⚠ The Delta Fetch addon is the Scrapinghub dashboard is deprecated and will be removed soon. You can use the same functionality by using the deltafetch library as described in this article.

⚠ Note that you’ll need to enable the DotScrapy Persistence add on for DeltaFetch to work.

The purpose of this addon is to ignore requests to pages containing items seen in previous crawls of the same spider, thus producing a delta crawl containing only new items. For more details on the algorithm, you can check this blog post Delta Fetch.

There are two main settings for controlling this addon:

  • DELTAFETCH_ENABLED  - enables or disables DeltaFetch addon (either project-wide or per spider)
  • DELTAFETCH_RESET - reset the state, forgetting visited pages in previous runs (remember to remove this setting once you complete a crawl with this setting activated)

You can change how DeltaFetch detects duplicate requests by setting the deltafetch_key key in the Request meta parameter. Example:

Request(url, meta={'deltafetch_key': SOME_UNIQUE_KEY})

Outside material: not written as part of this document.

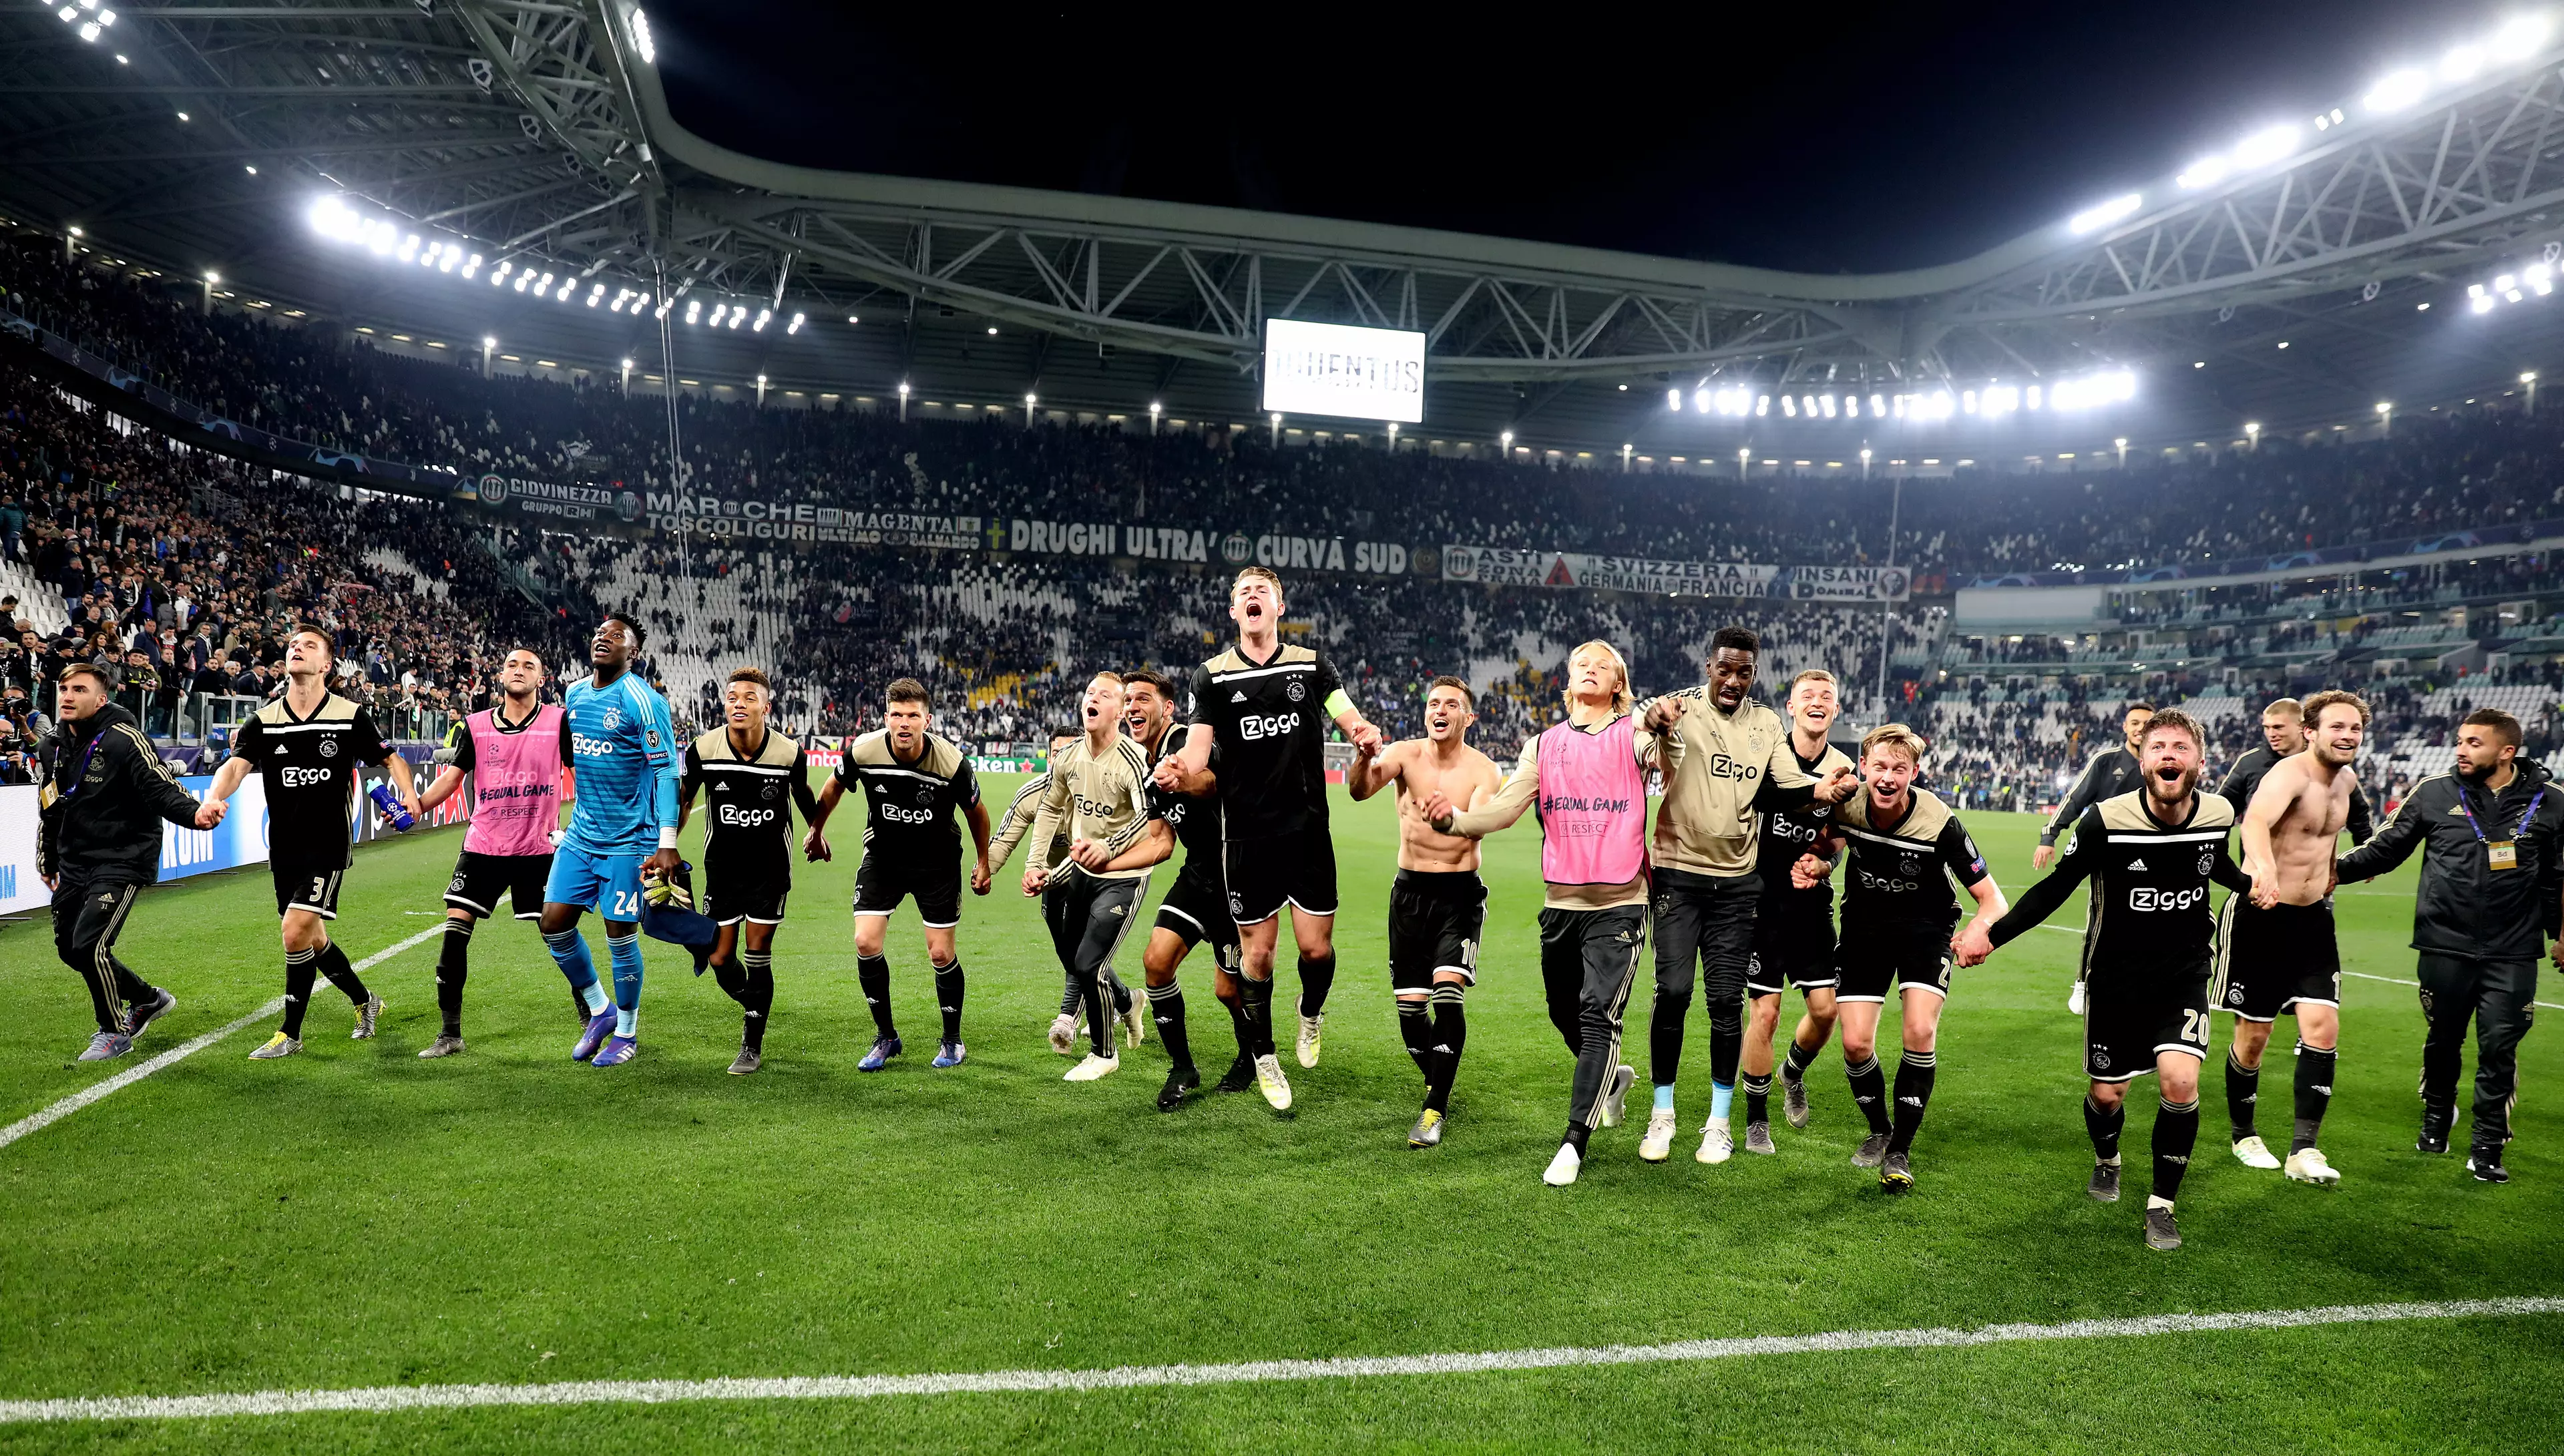 Ajax celebrate winning against Juventus. Image: PA Images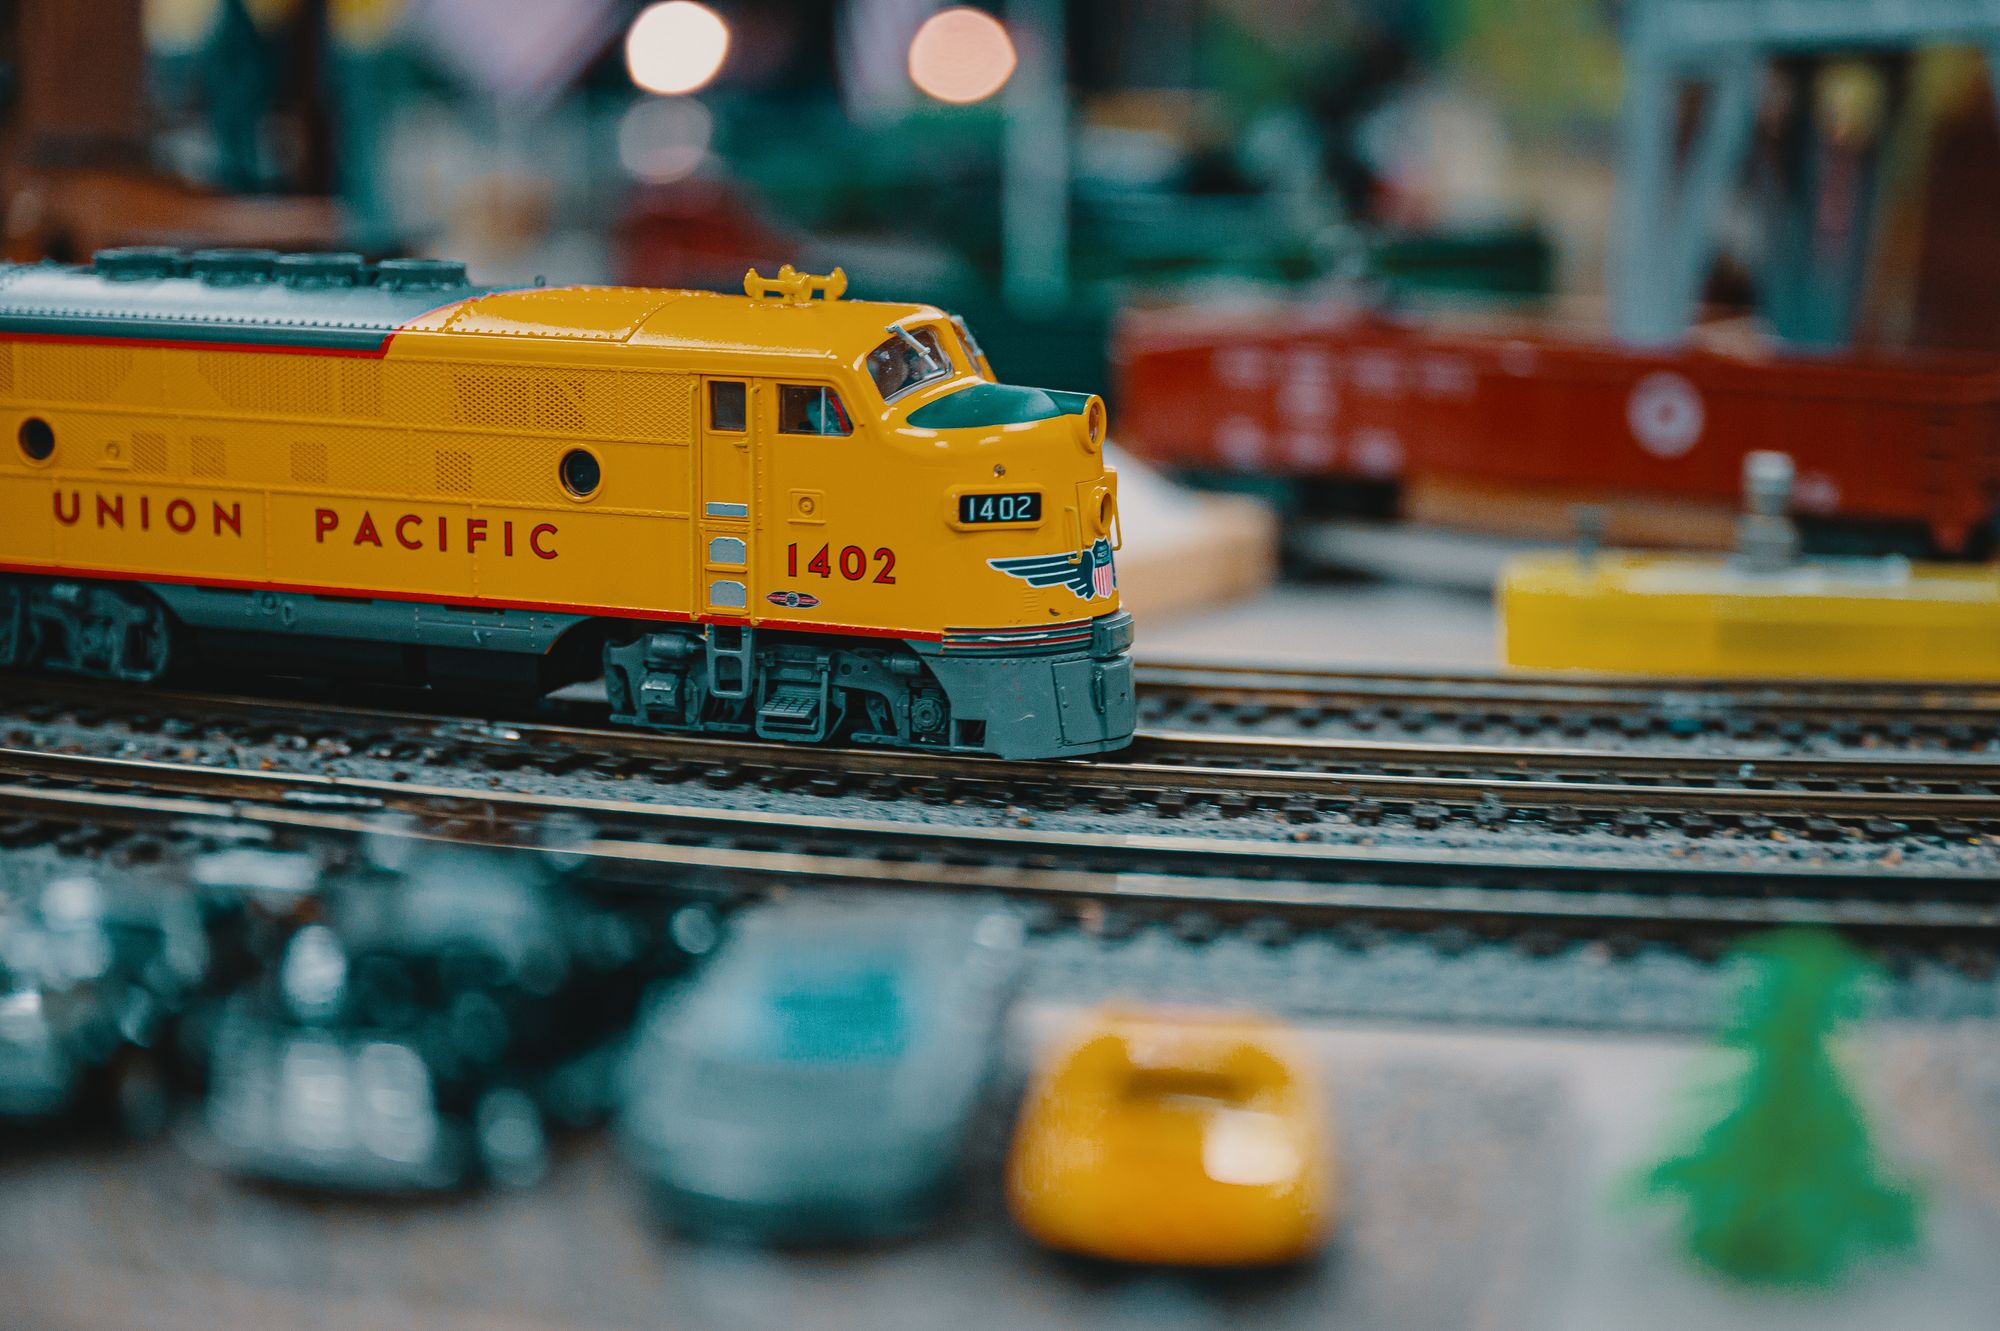 A Union Pacific model train in HO scale

The deltafetch_key value is used as a unique identifier for the request. If deltafetch_key is unspecified then the request fingerprint (see scrapy.utils.request.fingerprint) is used instead.

ℹ Note: DeltaFetch only checks for duplicate URLs of requests that contain items. Requests to URLs that haven’t yielded items will still be revisited in subsequent crawls. Start URLs will also be revisited.